Evaluation of the diagnostic capabilities of nanopore long read sequencing and splice variant analysis in muscular dystrophies

Topic:

Pre-Clinical Research

Poster Number: 138

Author(s):

Christine Bruels, PhD, Paul & Sheila Wellstone Muscular Dystrophy Center & Dept of Neurology, Univ of Minnesota Med School, Hannah Little, Paul & Sheila Wellstone Muscular Dystrophy Center & Dept of Neurology, Univ of Minnesota Med School, Audrey Daugherty, University of Minnesota, Seth Stafki, Paul & Sheila Wellstone Muscular Dystrophy Center & Dept of Neurology, Univ of Minnesota Med School, Elicia Estrella, MS, LCGC, Department of Neurology, Boston Children’s Hospital, Emily McGaughy, Division of Pediatric Neurology, Department of Pediatrics, University of Florida College of Medicine, Don Truong, Paul & Sheila Wellstone Muscular Dystrophy Center & Dept of Neurology, Univ of Minnesota Med School, Lynn Pais, Center for Mendelian Genomics, Program in Medical and Population Genetics, Broad Institute, Vijay Ganesh, Center for Mendelian Genomics, Program in Medical and Population Genetics, Broad Institute, Anne O'Donnell-Luria, MD, PhD, Center for Mendelian Genomics, Program in Medical and Population Genetics, Broad Institute, Heather Stalker, Division of Genetics, Department of Pediatrics, University of Florida College of Medicine, Yang Wang, PerkinElmer Genomics, Christin Collins, PerkinElmer Genomics, Andrea Behlmann, PerkinElmer Genomics, Richard Lemmers, Department of Human Genetics, Leiden University Medical Center, Silvère van der Maarel, Department of Human Genetics, Leiden University Medical Center, Regina Laine, MSN, PNP-BC, CNRN, Department of Neurology, Boston Children’s Hospital, Partha Ghosh, MD, Department of Neurology, Boston Children’s Hospital, Basil Darras, MD, Department of Neurology, Boston Children’s Hospital, Carla Zingariello, MD, Division of Pediatric Neurology, Department of Pediatrics, University of Florida College of Medicine, Christina Pacak, Paul & Sheila Wellstone Muscular Dystrophy Center & Dept of Neurology, Univ of Minnesota Med School, Louis Kunkel, Division of Genetics and Genomics, Boston Children’s Hospital, Peter Kang, MD, University of Minnesota

Background: Many patients with muscular dystrophies remain genetically undiagnosed despite clinical diagnostic testing including second-generation short read sequencing (SRS) and standard variant analyses of that sequence data.

Objectives: We propose that a significant proportion of these undiagnosed individuals harbor either structural variants (SVs) or cryptic splice sites which are not easily detected by SRS and exome analysis alone. Nanopore long-read sequencing (LRS), a form of third-generation whole genome sequencing, can be used to identify a higher proportion of such SVs and cryptic splice sites in these unsolved families.

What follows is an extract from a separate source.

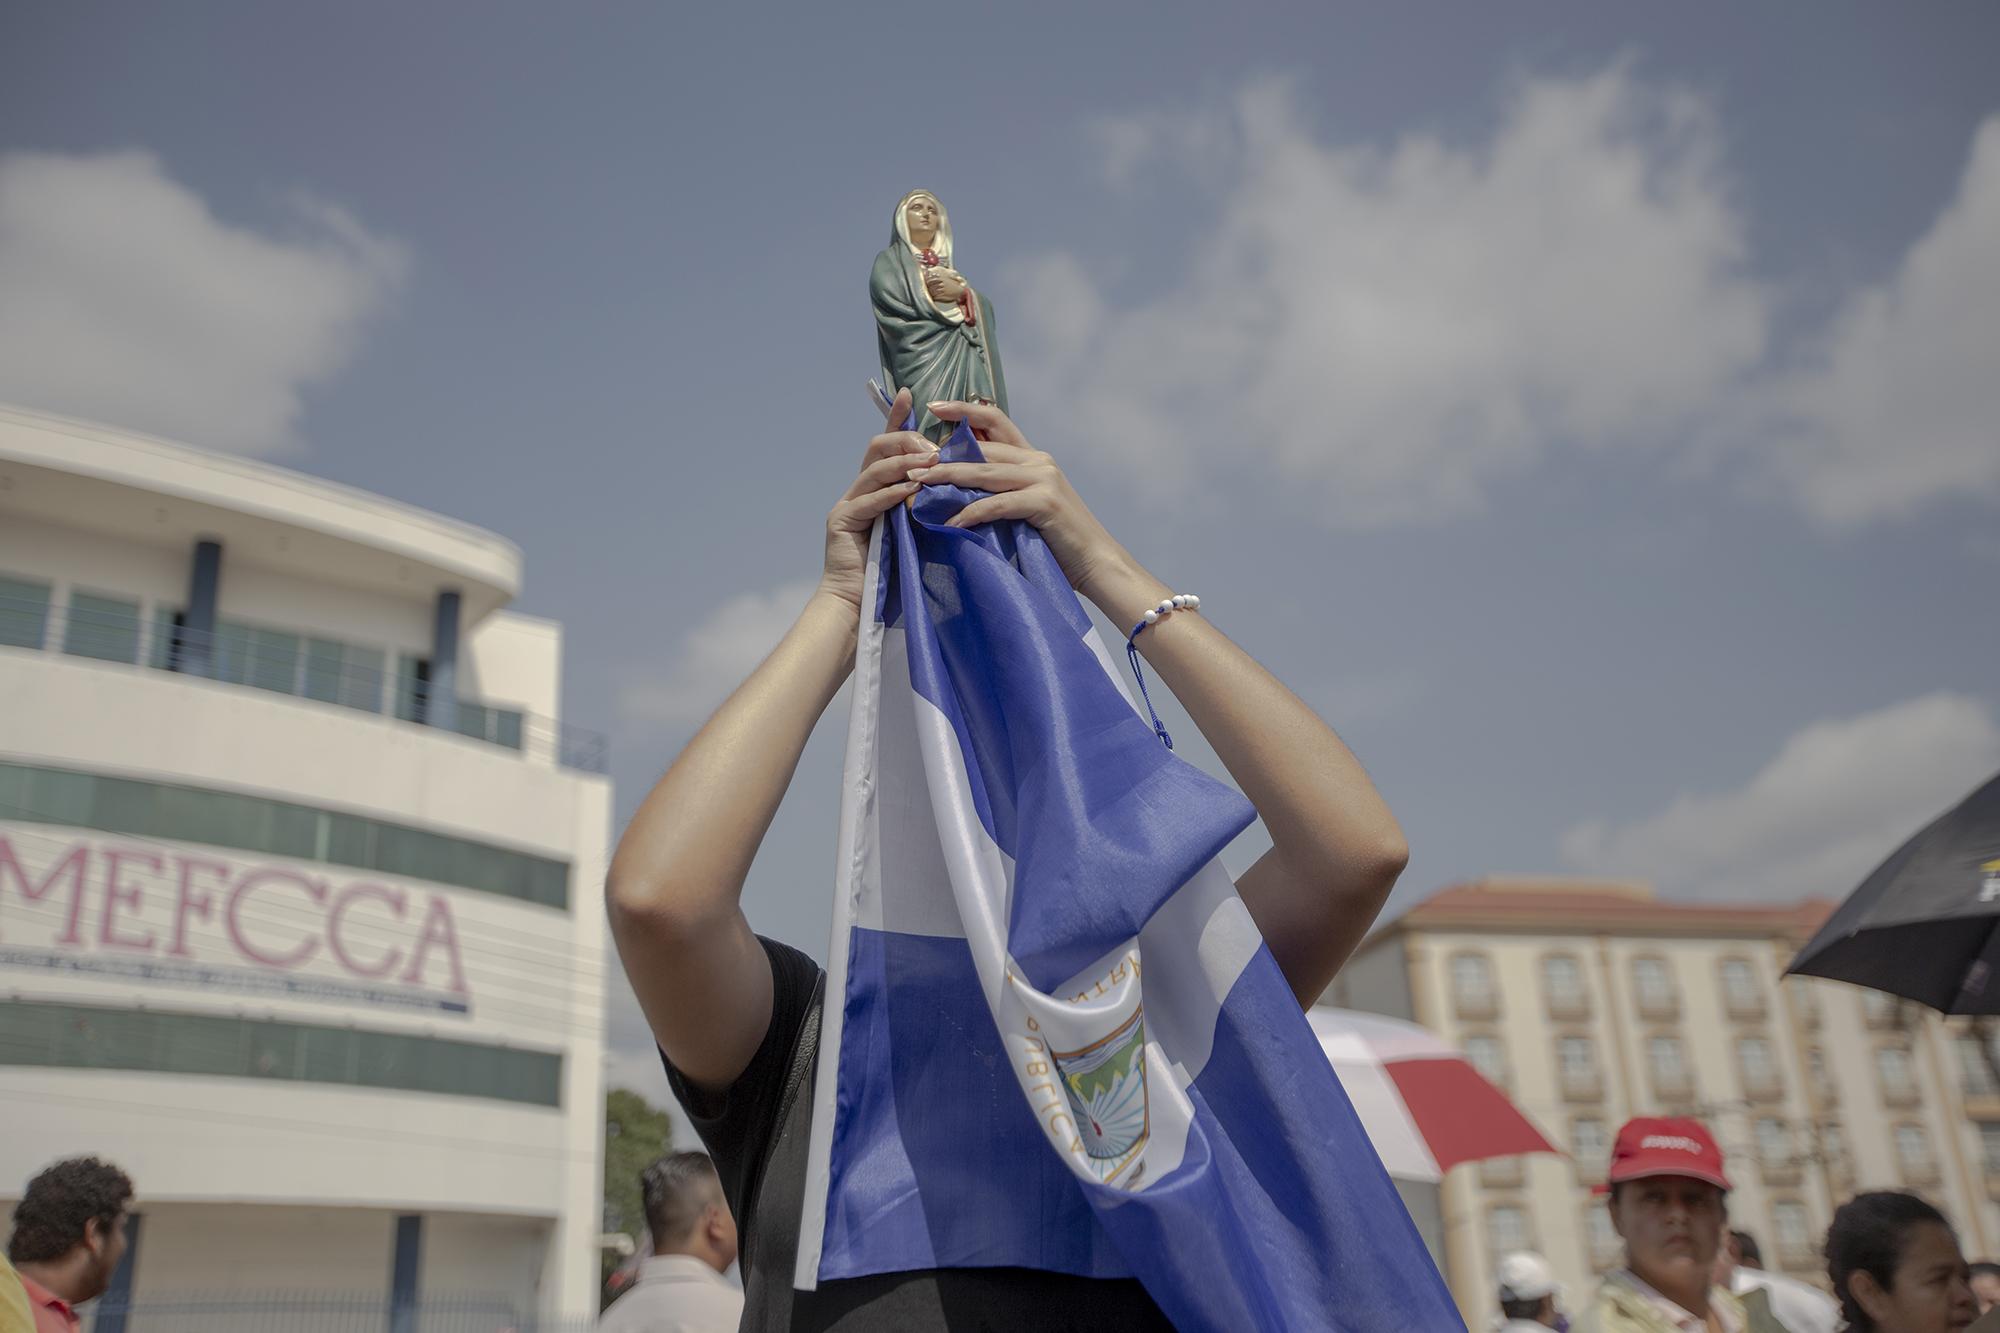 Una mujer nicaragüense carga una imagen de la Virgen Dolorosa con una bandera de Nicaragua durante la procesión del viernes santo en las cercanías de la catedral de Managua. La mujer, que no brindó su nombre por miedo a represalias de parte del gobierno o de paramilitares, asegura que llevar la bandera a la procesión es un acto de protesta y de fe por el sufrimiento que ha tenido el país desde abril de 2018, cuando se desató una crisis política seguida de una brutal represión y persecución por parte del Estado y grupos orteguistas contra los opositores políticos. En el último capítulo de la crisis, el régimen excarceló el 30 de diciembre a 91 presos políticos. Foto: Fred Ramos

Results: We enrolled 11 individuals with muscular dystrophy who lacked complete genetic diagnoses after clinical genetic testing and one asymptomatic individual with a potential DMD duplication. We performed nanopore LRS on genomic DNA samples from these individuals. Nanopore LRS detected likely pathogenic SVs in 3 of these families, in the DMD and LAMA2 genes. Two of these SVs were previously undetected. In addition, we confirmed that the asymptomatic individual harbored a duplication in DMD that was in tandem rather than translocated as initially suspected, and we confirmed a likely pathogenic single nucleotide variant (SNV) in SMCHD1 in another family. Nanopore LRS also detected intronic SNVs in DMD that are predicted to alter splicing in 2 families. All SNVs that were previously detected on clinical genetic testing in these individuals were confirmed on nanopore LRS.

Conclusions: Overall, nanopore LRS identified or confirmed pathogenic variants in all families studied, and identified previously undetected pathogenic SVs and SNVs in 5 of the 11 symptomatic families. This study highlights the utility of nanopore LRS to identify and characterize a broad range of pathogenic variants in individuals with muscular dystrophy, from SNVs to SVs. This technology has the potential to provide a more streamlined means of obtaining complete molecular diagnoses for patients with muscular dystrophy and other Mendelian disorders.